WORK REQUEST: The whole listing below must be printed again exactly, images excluded.

EXERCISE DATA:
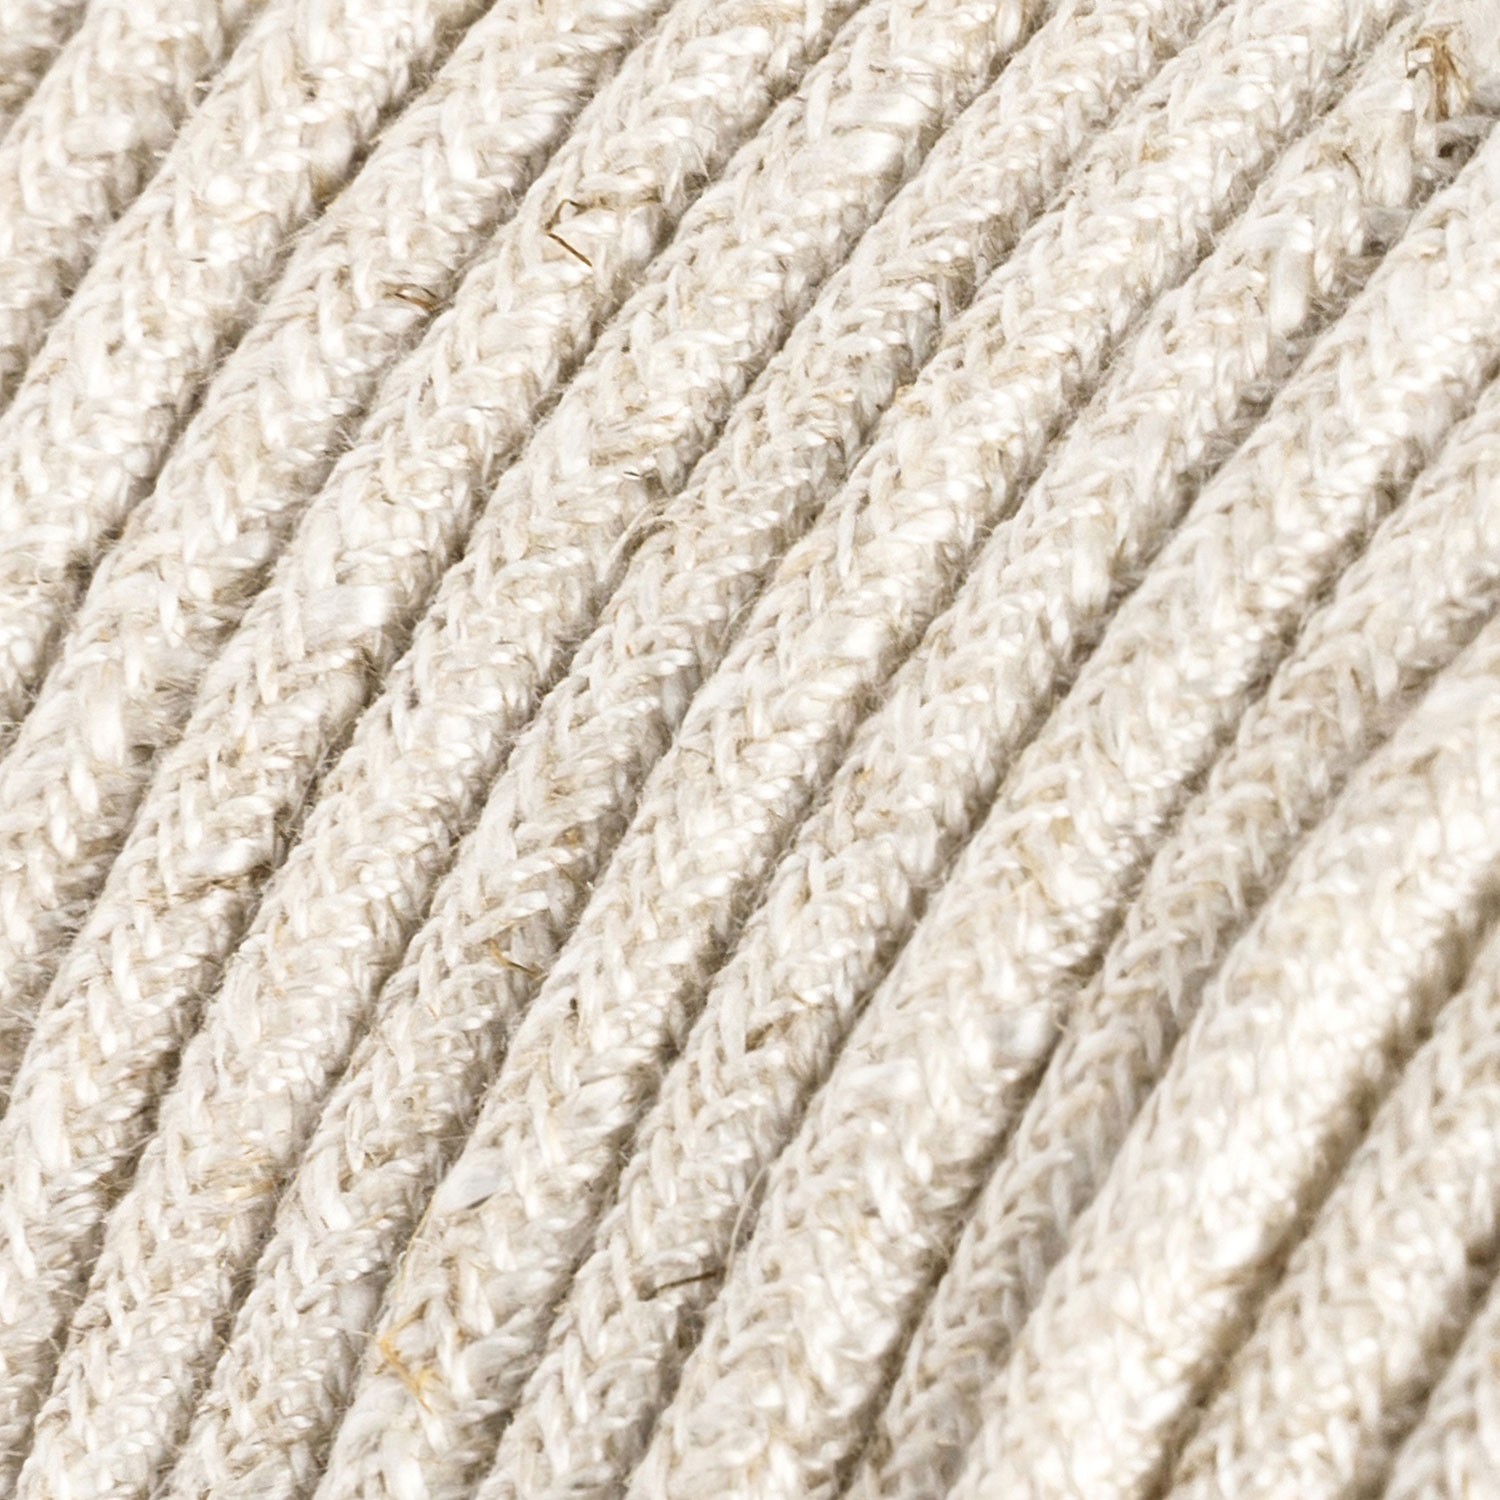 Textilkabel, weiß meliert, aus Leinen - Das Original von Creative-Cables - RN01 rund 2x0,75mm / 3x0,75mm
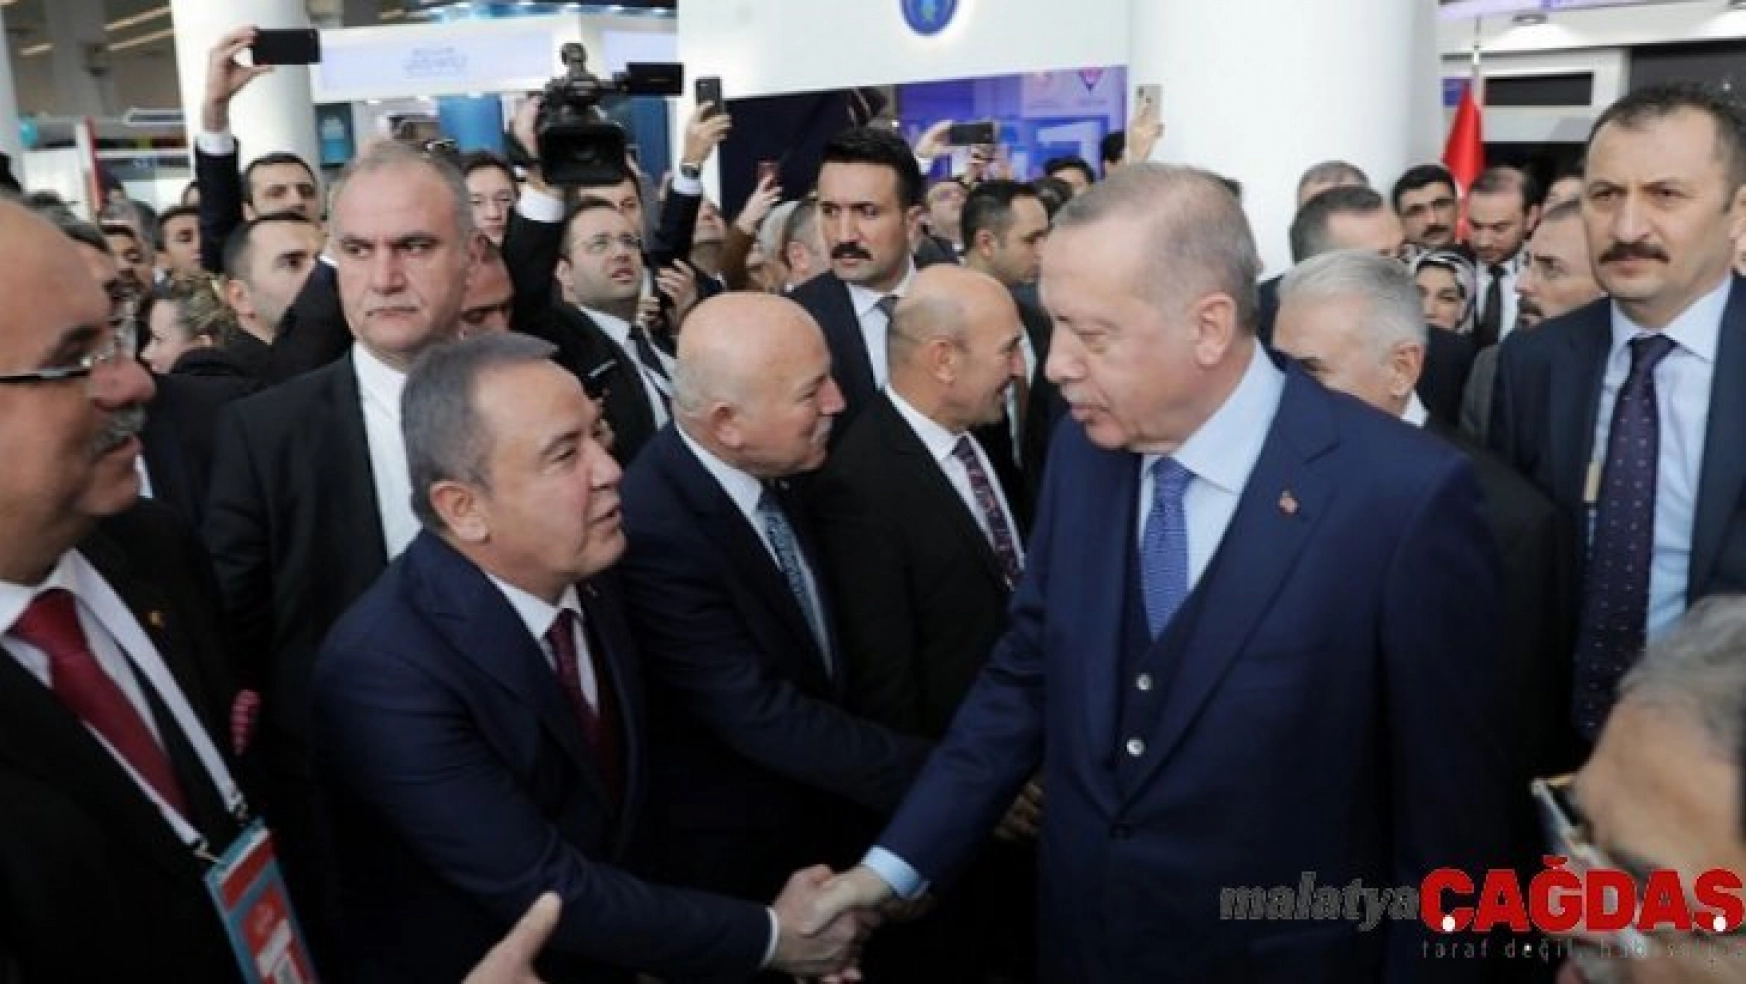 Başkan Böcek'in Ankara temasları
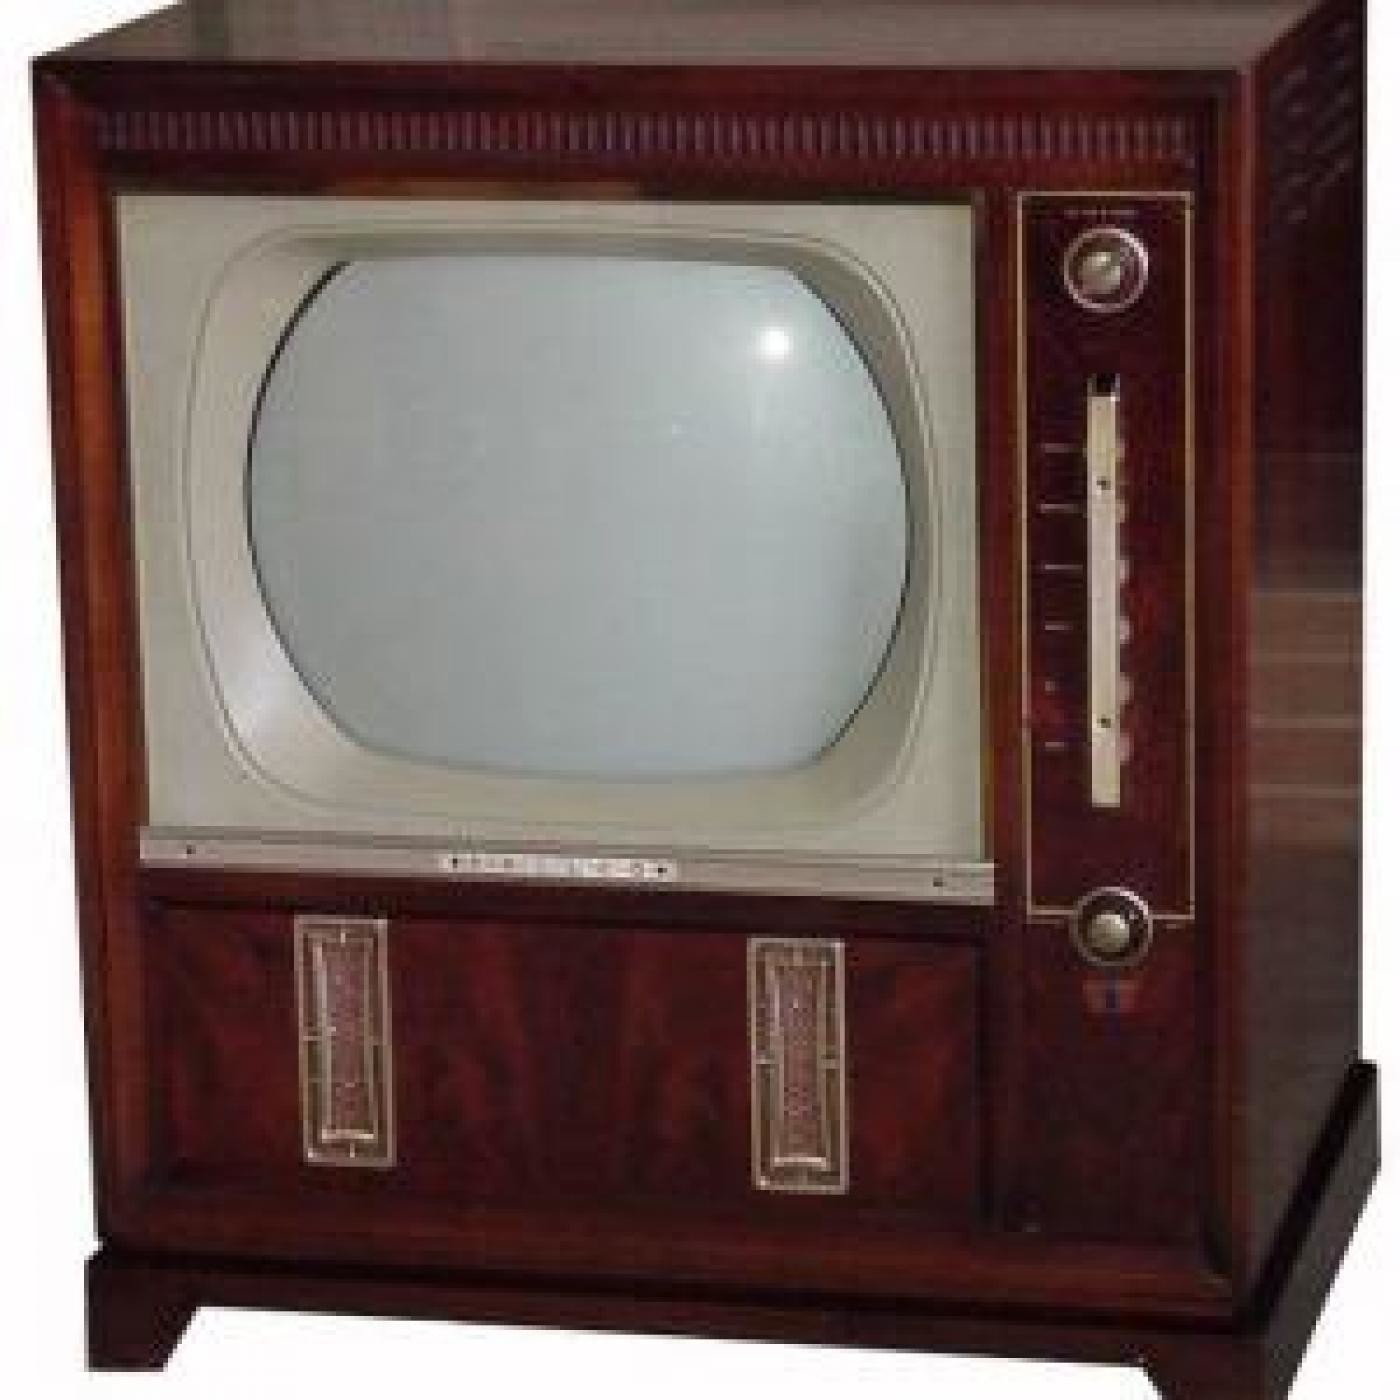 Телевизор 20 минут. Первый телевизор. Старый телевизор. Телевизор 20 века. Старинный телевизор.

REPLY:
 Textilkabel, weiß meliert, aus Leinen - Das Original von Creative-Cables - RN01 rund 2x0,75mm / 3x0,75mm
 Başkan Böcek'in Ankara temasları
 Телевизор 20 минут. Первый телевизор. Старый телевизор. Телевизор 20 века. Старинный телевизор.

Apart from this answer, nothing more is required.